For Copilot Chat's agent mode, squish's --agent preset wires: - AgentKV INT2 asymmetric KV compression (50% memory reduction on long contexts) - Grammar-enforced tool calling via XGrammar (prevents malformed JSON tool responses) - Semantic response cache (40–60% TTFT reduction on repeated queries in the same session) - RadixTree prefix cache (reuses shared system prompt + tool definitions across turns)

Start with the agent preset explicitly:

# Agent preset is auto-enabled on Apple Silicon when you run squish run
# To set it manually:
squish run qwen3:8b --agent

Then configure VS Code to use the local endpoint as shown above.

The macOS menu bar app (apps/macos/SquishBar) handles the server lifecycle so you don't need a terminal open.

Build¶

cd apps/macos/SquishBar
swift build -c release
.build/release/SquishBar

Or open Package.swift in Xcode and Run (⌘R).

The menu bar icon turns green when the server is running and shows live tok/s in the title. Click to: - Start/stop the server - Select the active model
- Open the web chat UI - Copy the API URL to clipboard (for pasting into Continue, VS Code, or any OpenAI client)

Set squish.autoStart = true to have it start the server automatically when your Mac wakes.

Recommended Model by Use Case¶

Use case	Recommended model	RAM needed	Typical speed
Inline autocomplete	`qwen3:4b`	8 GB	35–50 tok/s
Chat / question answering	`qwen3:8b`	16 GB	14–22 tok/s
Code generation + review	`qwen3:14b`	24 GB	8–14 tok/s
Chain-of-thought reasoning	`deepseek-r1:7b`	16 GB	14–18 tok/s
Ultra-low RAM (< 8 GB)	`smollm2:1.7b`	4 GB	60–90 tok/s

Pull any model with:

squish pull qwen3:8b       # ~4.4 GB download (pre-squished from HuggingFace)
squish pull deepseek-r1:7b # ~3.9 GB download

Troubleshooting¶

Server won't start¶

squish doctor      # checks all dependencies
squish doctor --report  # saves shareable JSON snapshot to ~/.squish/

Continue can't connect¶

Verify the server is running: curl http://localhost:11435/health
Check apiBase ends in /v1 (not /v1/)
Restart VS Code after editing ~/.continue/config.json

Slow first response (TTFT)¶

The first request after load includes model initialization. Subsequent requests are faster as the RadixTree prefix cache warms up. The --agent preset enables the Semantic Response Cache, which reduces TTFT by 40–60% on similar follow-up queries.

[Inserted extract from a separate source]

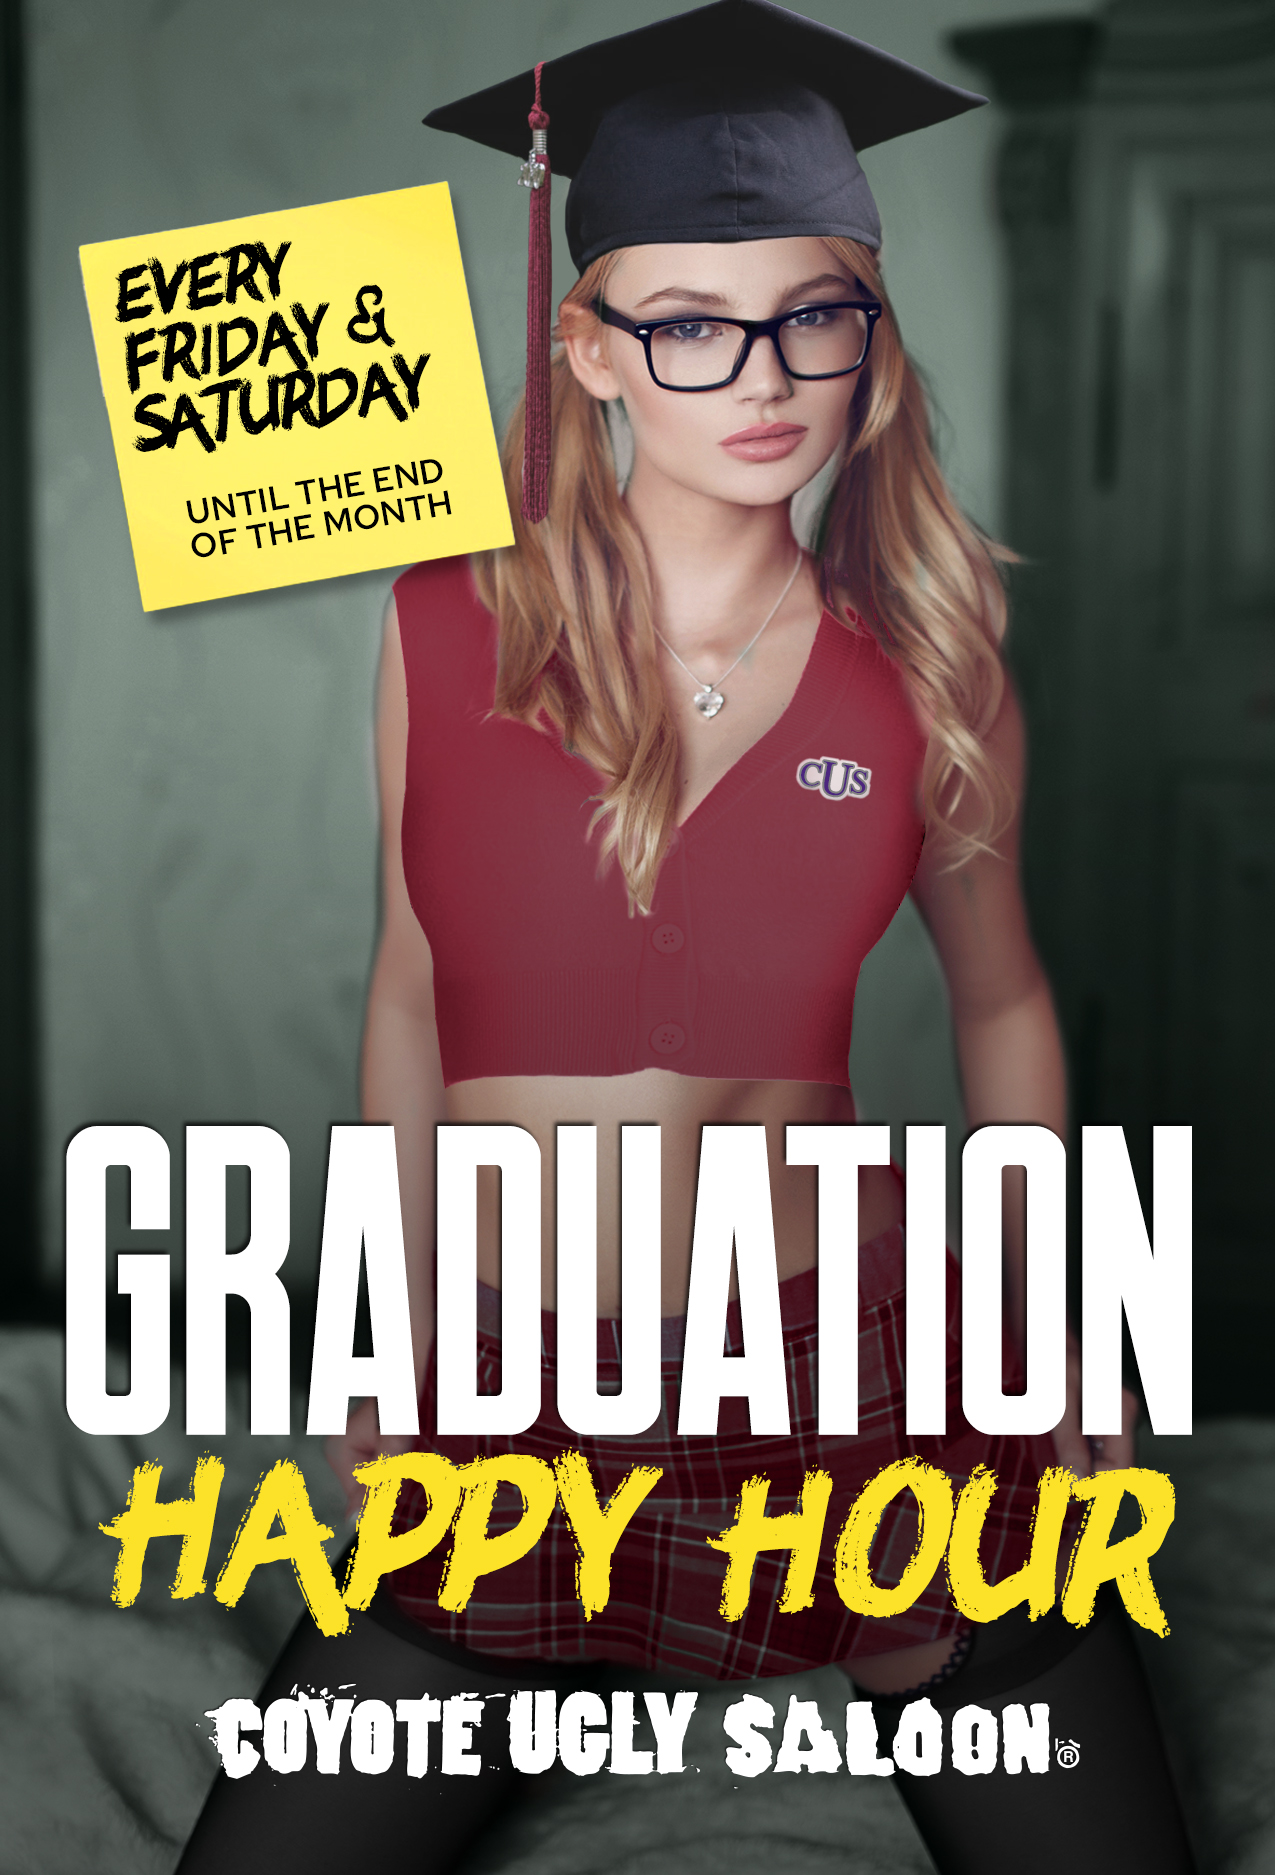 Graduation Happy Hour in New Orleans on May 21, 2022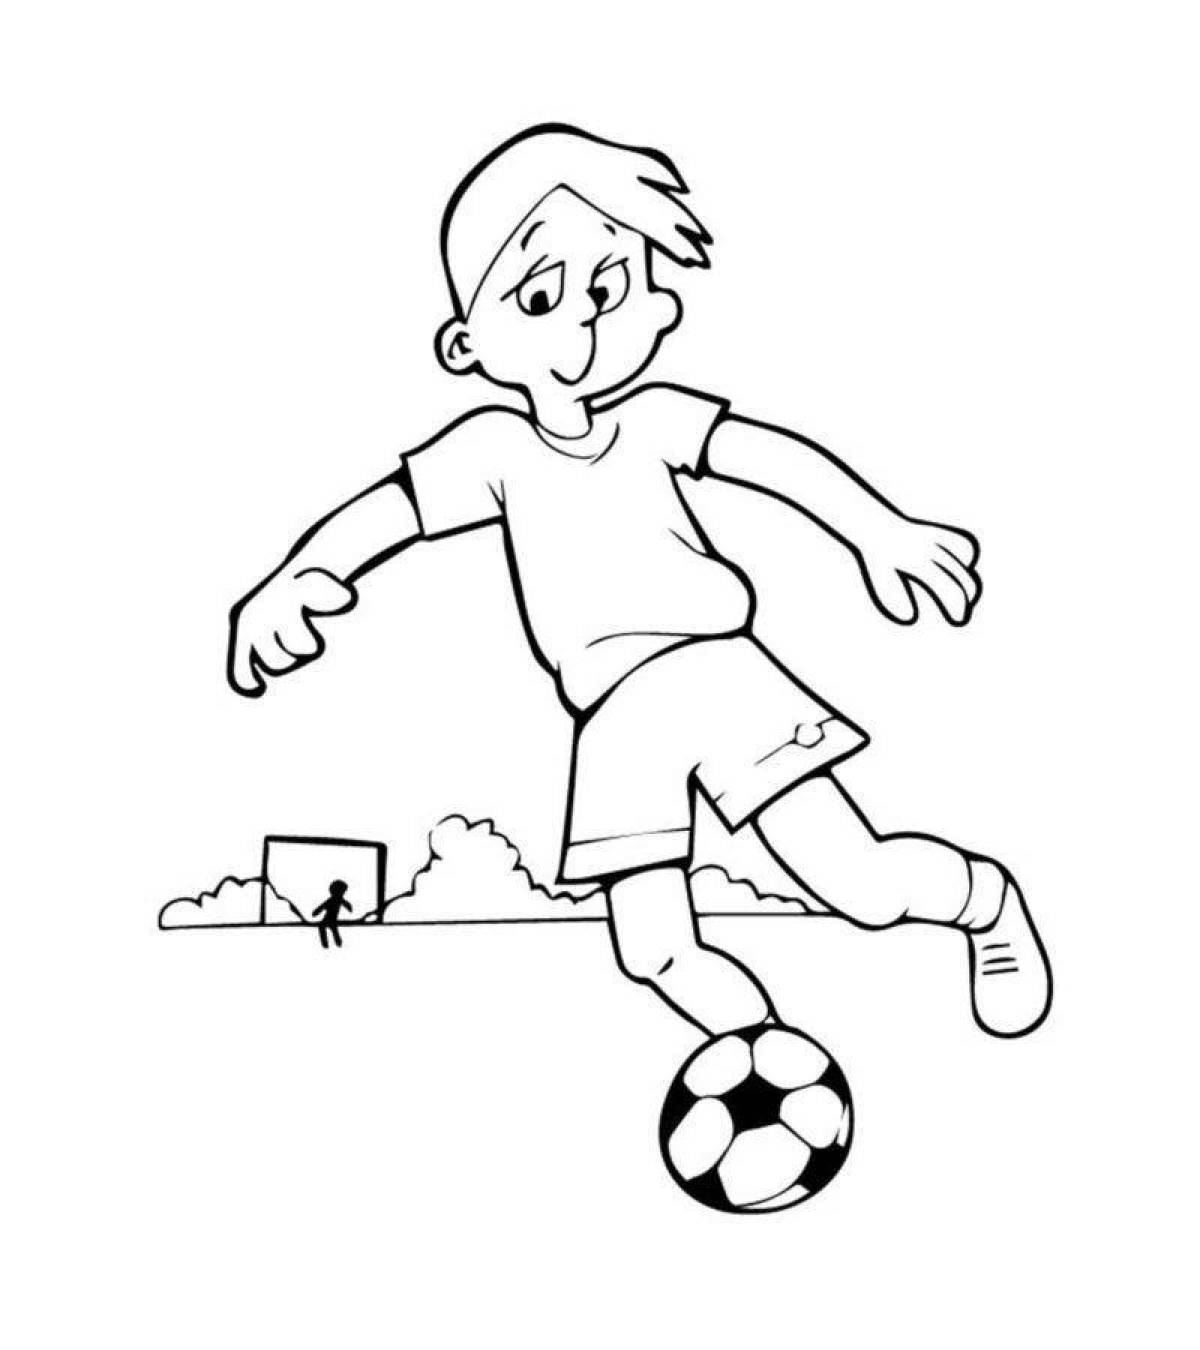 Cheerful football player coloring pages for kids

Model selector shows nothing¶

The extension polls /v1/models. If the server is starting up, wait ~3 seconds and try again. Run Squish: Select Model again from Ctrl+Shift+P.

Development: Extension Tests¶

cd extensions/vscode/squish-vscode
npm install
npm test          # runs 26 Jest tests in <5 seconds, no server required

All tests mock the HTTP layer, so no live squish server is needed for CI.